Amyloid-like DNA bridging: a new mode of DNA shaping

Abstract

All organisms depend on specific proteins to compact and organize their genomes. In eukaryotes, histones fulfil this role, while bacterial chromosomes are shaped by nucleoid-associated proteins (NAPs). Among its pleiotropic functions, the NAP Hfq plays a pivotal role in bacterial genome organization. In this study, we characterized the structure of the C-terminal extension of Hfq, which mediates chromosomal compaction, in its DNA-bound state. Using an integrative approach that combined transmission electron microscopy, neutron scattering, site-directed mutagenesis, and molecular modeling, we identified an amyloid module formed by the C-terminal region of Hfq. This module uniquely bridges and compacts six DNA molecules, marking the first documented instance of an amyloid structure with DNA-bridging properties.
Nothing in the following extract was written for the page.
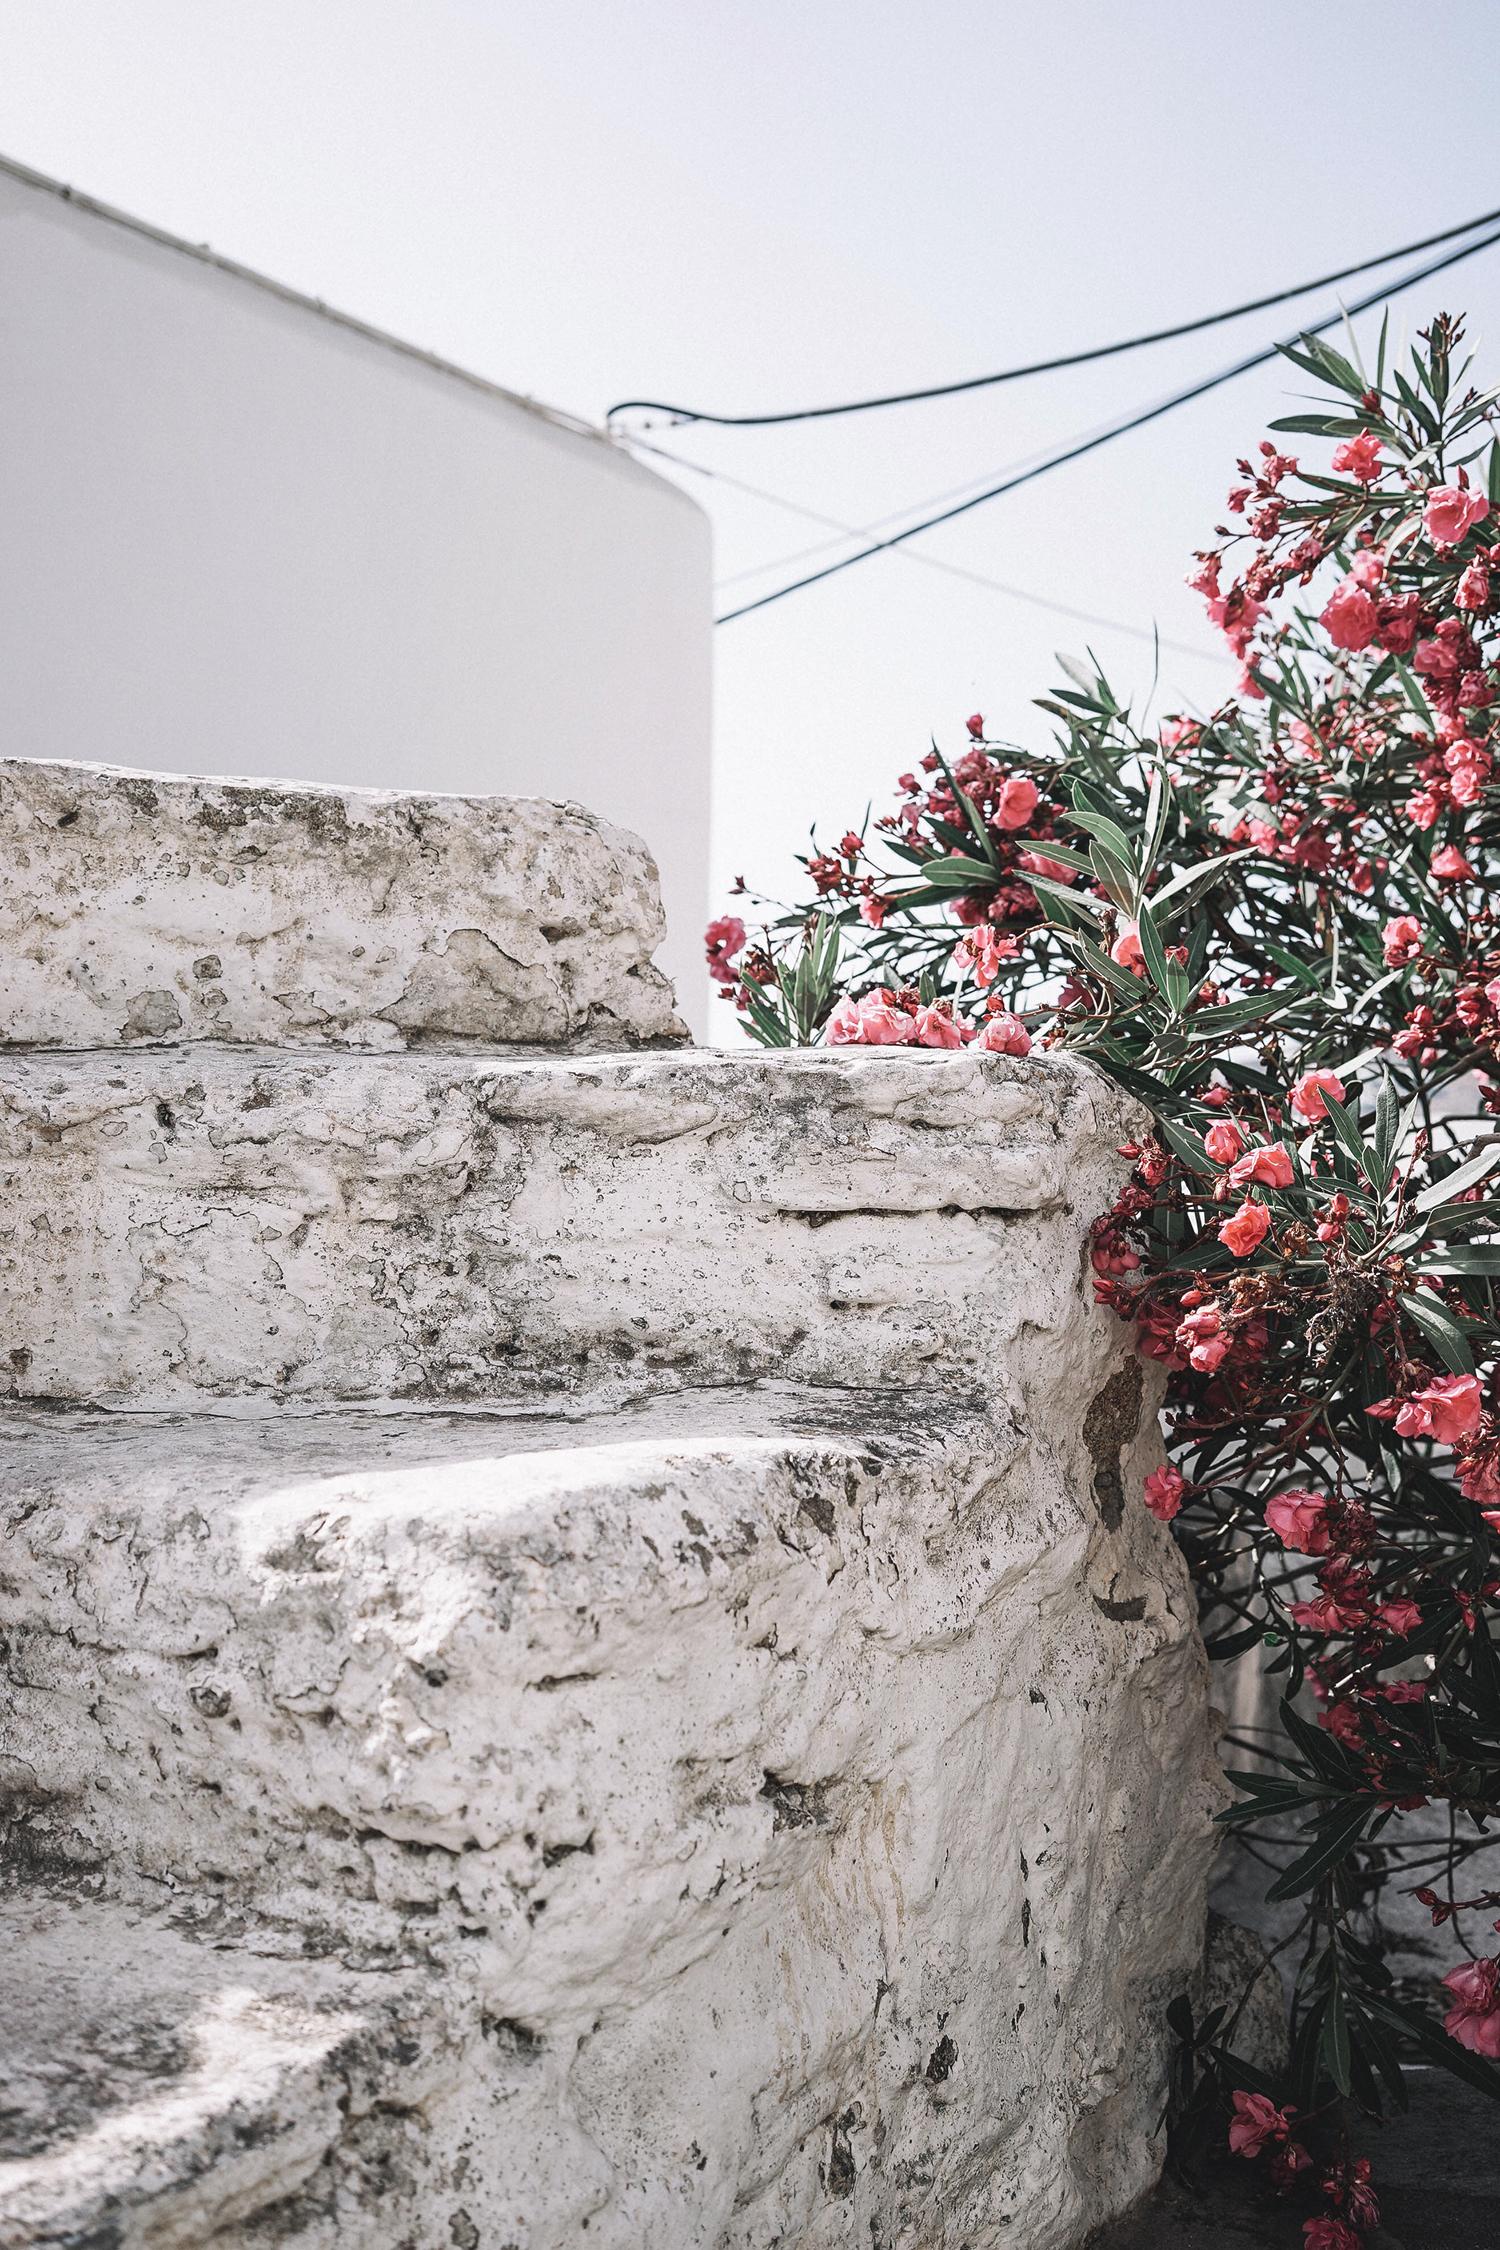 Lace_up_Blouse-Ralph_Lauren-Soludos_Espadrilles-Soludos_Escapes-Skirt-Straw_Hat-Canotier-Lack_Of_Color-Street_Style-Mykonos-Greece-Collage_Vintage-112

Our findings redefine the functional landscape of amyloids, linking them to genome architecture and gene regulation. This result suggests that amyloid-DNA interactions may represent a conserved mechanism across biological systems, with profound implications for understanding genome organization and the regulation of gene expression in both prokaryotes and eukaryotes.

Graphical Abstract

Figure 1.

AFM images of fibrillar Hfq-CTR:DNA complexes on mica. (A) Fibers adopting a helical structure. Note the tendency of the fibers to intertwine at the top of the panel. The inset shows a tilted view of long fibers, revealing 2–3 nm protrusions spaced by ∼100 nm. (B) The profile of the top of the fiber, taken from the region indicated by the two white arrows.

Figure 2.

Cryo-EM image of the Hfq-CTR:DNA fibers. Representative aligned micrograph from a set of 1100 movies acquired. Arrows indicate the two kinds of fibers found in this work: thin fibers (10–15 nm diameter) and thicker fibers (25 nm diameter). The scale bar represents 50 nm.

Figure 3.

Asymmetrical helical reconstruction of the fiber using SPA. (A) Close-up view of a section in the thinner part of 3D reconstruction, as shown in panel (B). (C) Symmetry analysis of the 3D reconstructed fiber. A 6-fold symmetry is observed for the reconstructed fiber, with slight outward deformation confirming the right-handed helical nature of the fiber.

Figure 4.

SANS analysis. (A) Cross-sectional form factor for the DNA component of the fiber. The solid curve represents the fit of the form factor expression. (B) Two-dimensional DNA density profile of the fiber’s cross-section. (C) Azimuthally averaged radial DNA density profile. (D–F) As in panels (A–C) but for the Hfq-CTR component.

Figure 5.

INS spectra. Spectra were collected at 10 K all in D₂O for deuterated crystalline ice Ih (gray), DNA (cyan), Hfq-CTR (blue), and Hfq-CTR:DNA complex (red), normalized to the elastic line to account for differences in density and instrument conditions. Here one should consider possible shifts due to harmonic, isotope-independent force constants, with a factor of √ (20/18) = 1.054 for the translational modes. (A) No exchange with D₂O occurs, as indicated by the absence of a vibrational mode ∼900 cm⁻¹ [50]. The softening of the 400 cm⁻¹ vibration for the complexes, highlighted in yellow, indicates that hydration water remains undisturbed. (B) Lattice vibrations. The analysis of the overall spectral weight (or intensity) allows the conclusion that the fiber in D₂O is the stiffest. (C) Spectral changes suggest the partial opening of the dsDNA and an effect of the Hfq-CTR on the deoxyribose pucker, as described in the text. (D) The strong vibrational mode at 1625 cm⁻¹ demonstrates interactions between Hfq-CTR and the N₆ amino group of adenines. An interaction at the N₆ position of adenine is typically indicative of major groove recognition [57]. This major groove interaction is further supported by the fact that A-tract DNA has a compressed, narrow minor groove, which is unlikely to accommodate an amyloid structure.

Figure 6.

Fibrillar complexes of Hfq-CTR and DNA. (A) Approximate positions of the centers of mass of the DNA helices in the complex used in the modeling. This graph shows the cross-sectional view from the top of the complex along the fiber axis. Note that the hole at the center of panel (A) might indicate a depletion in density rather than complete absence of Hfq-CTR at this specific cross-section of the fiber (see the radial density profile of Hfq-CTR in Fig. 4F). (B) The six green DNA double-helices arranged hexagonally in this panel correspond to the positions of the six DNAs in panel (A) after refinement. The six N-terminal torus of Hfq, which are absent in this model, should decorate the fiber and extend outward from it. (C) As suggested by both Cryo-EM and INS experiments, the dsDNA can be locally separated into two single-stranded DNA regions. This specific region was also modeled in the Cryo-EM envelope.